* [Information shown]:
—————

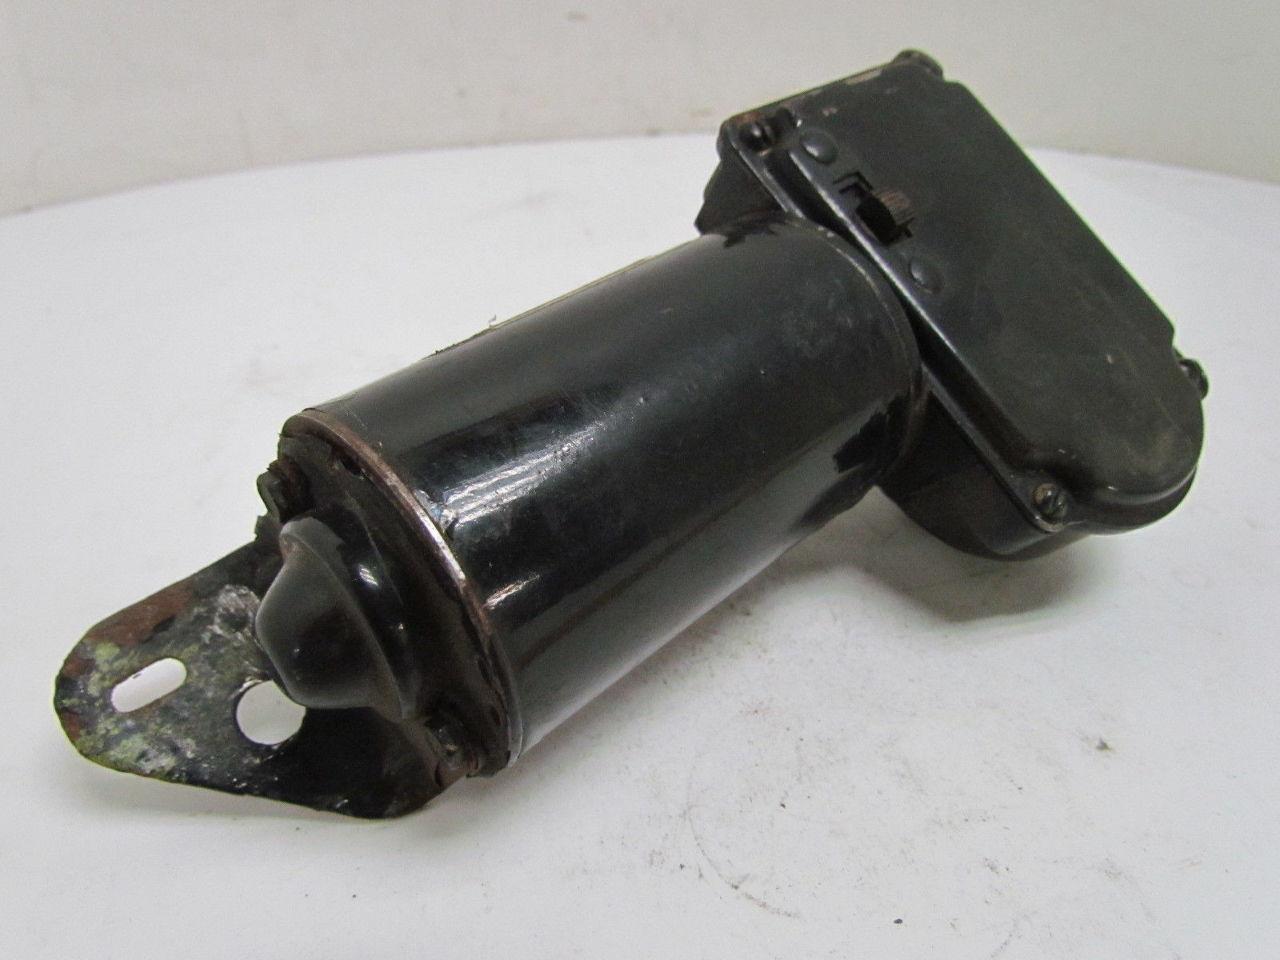 Wwf12c19 510 Windshield Wiper Motor Type Wwf 12v Ebay
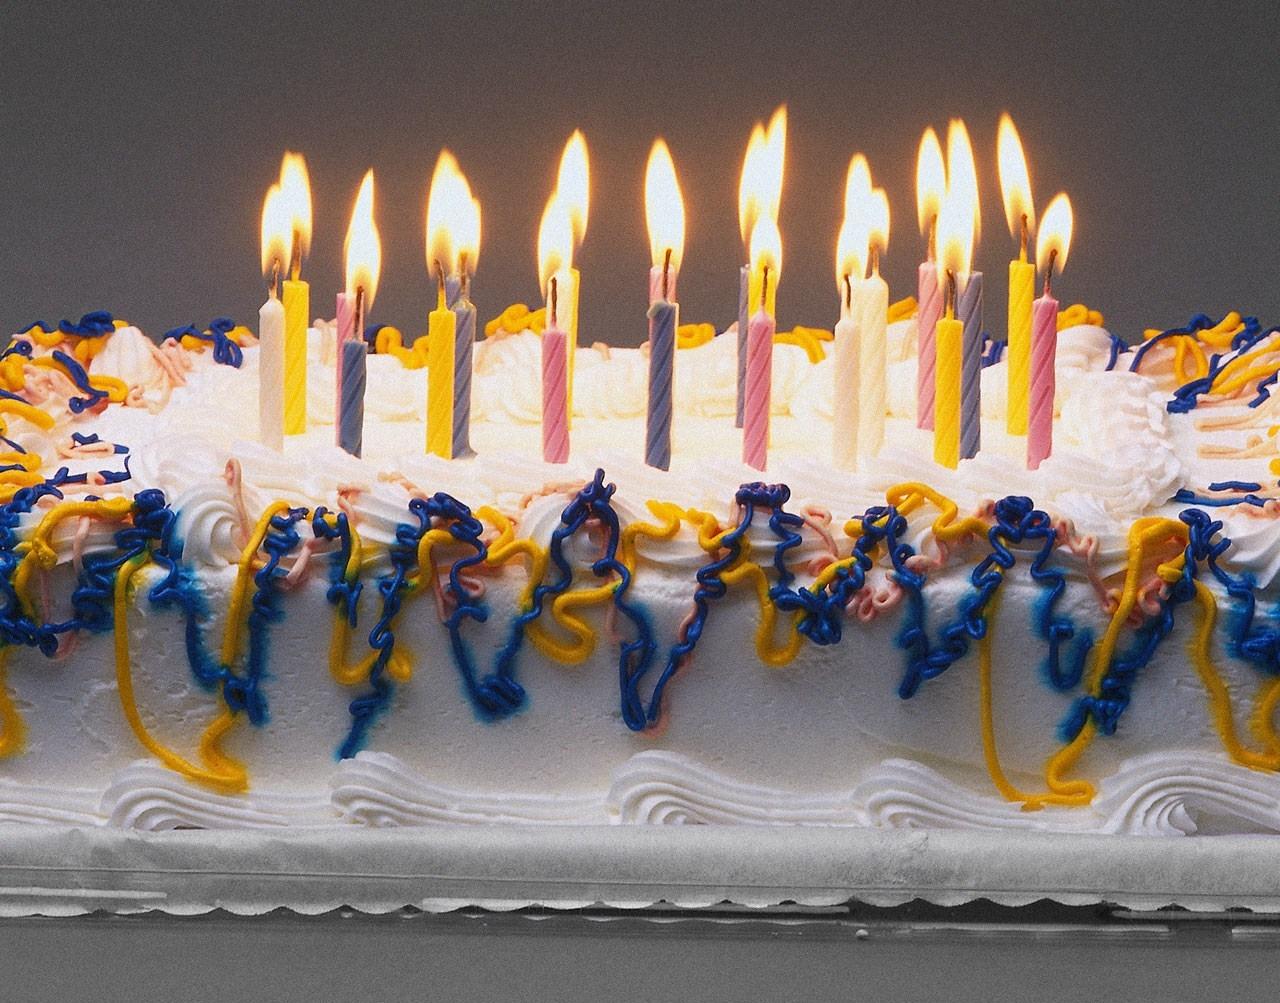 Праздничный торт и свечи в день рождения - С Днем Рождения поздравительные картинки
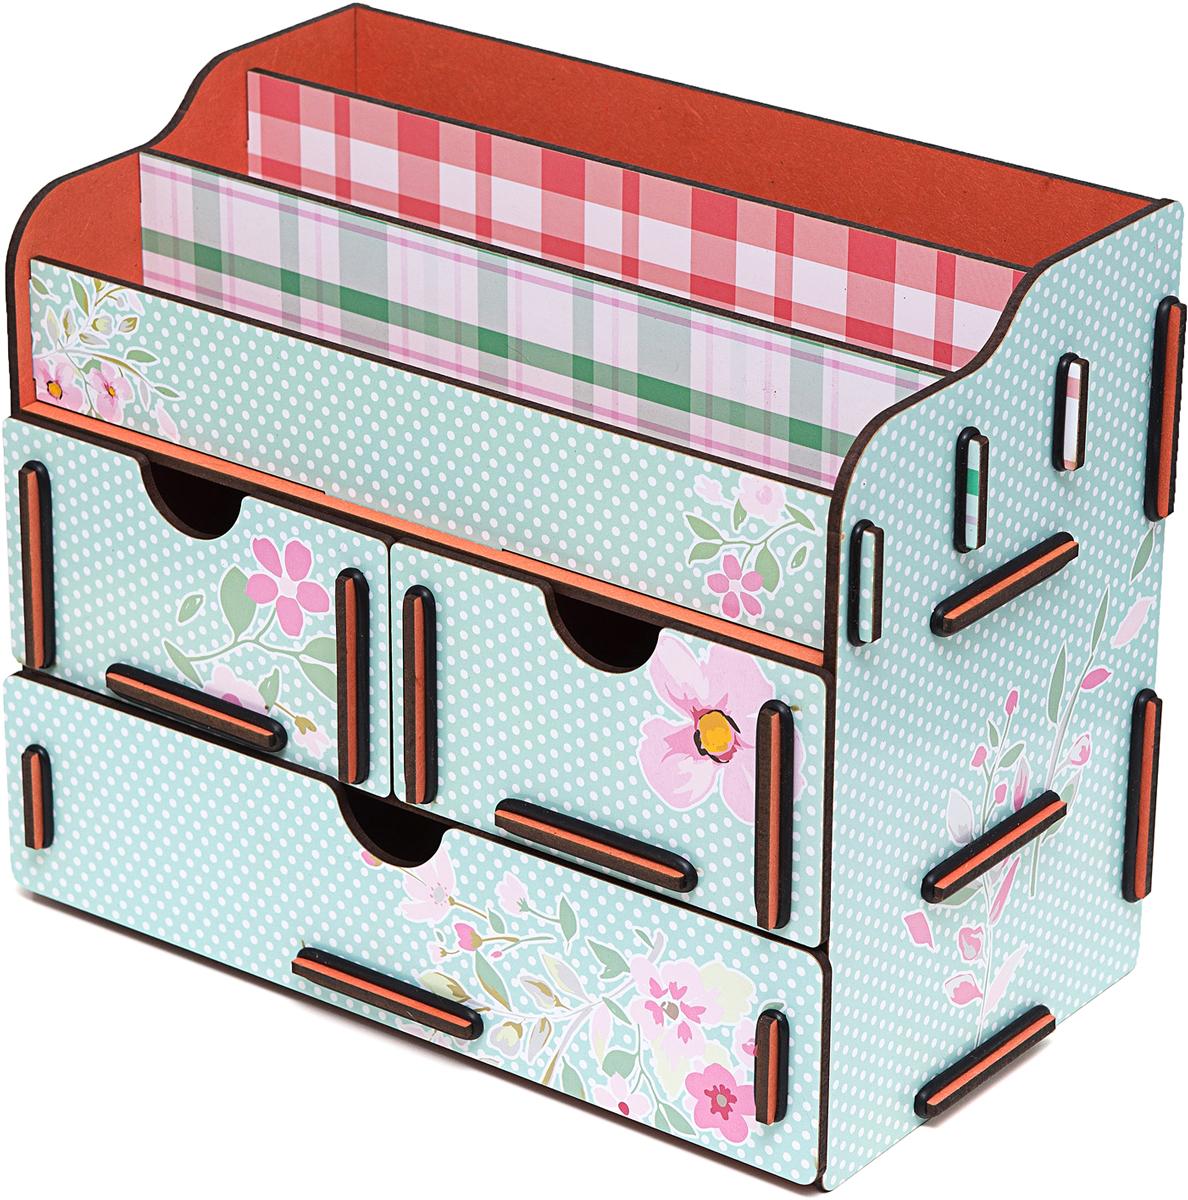 Органайзер Homsu Ранние цветы, для косметики и украшений, 23 х 14,5 х 19 смHOM-741Органайзер для косметики и украшений благодаря двум маленьким ящикам размером 11Х14, 5см и одному большому ящику размером 22Х14, 5см позволяет разместить все самое необходимое для женщины и всегда иметь это под рукой. Этот оригинальный сундучок имеет также 3 полочки сверху для хранения косметики, парфюмерии и аксессуаров, его можно поставить на столе, он станет отличным дополнением интерьера. 230х145х190

—————

* [What you should do]:
"Праздничный торт и" marks the first line to be returned; return exactly that line and every line after it through the last line of the listing, omitting pictures.

* [Your solution]:
 Праздничный торт и свечи в день рождения - С Днем Рождения поздравительные картинки
 Органайзер Homsu Ранние цветы, для косметики и украшений, 23 х 14,5 х 19 смHOM-741Органайзер для косметики и украшений благодаря двум маленьким ящикам размером 11Х14, 5см и одному большому ящику размером 22Х14, 5см позволяет разместить все самое необходимое для женщины и всегда иметь это под рукой. Этот оригинальный сундучок имеет также 3 полочки сверху для хранения косметики, парфюмерии и аксессуаров, его можно поставить на столе, он станет отличным дополнением интерьера. 230х145х190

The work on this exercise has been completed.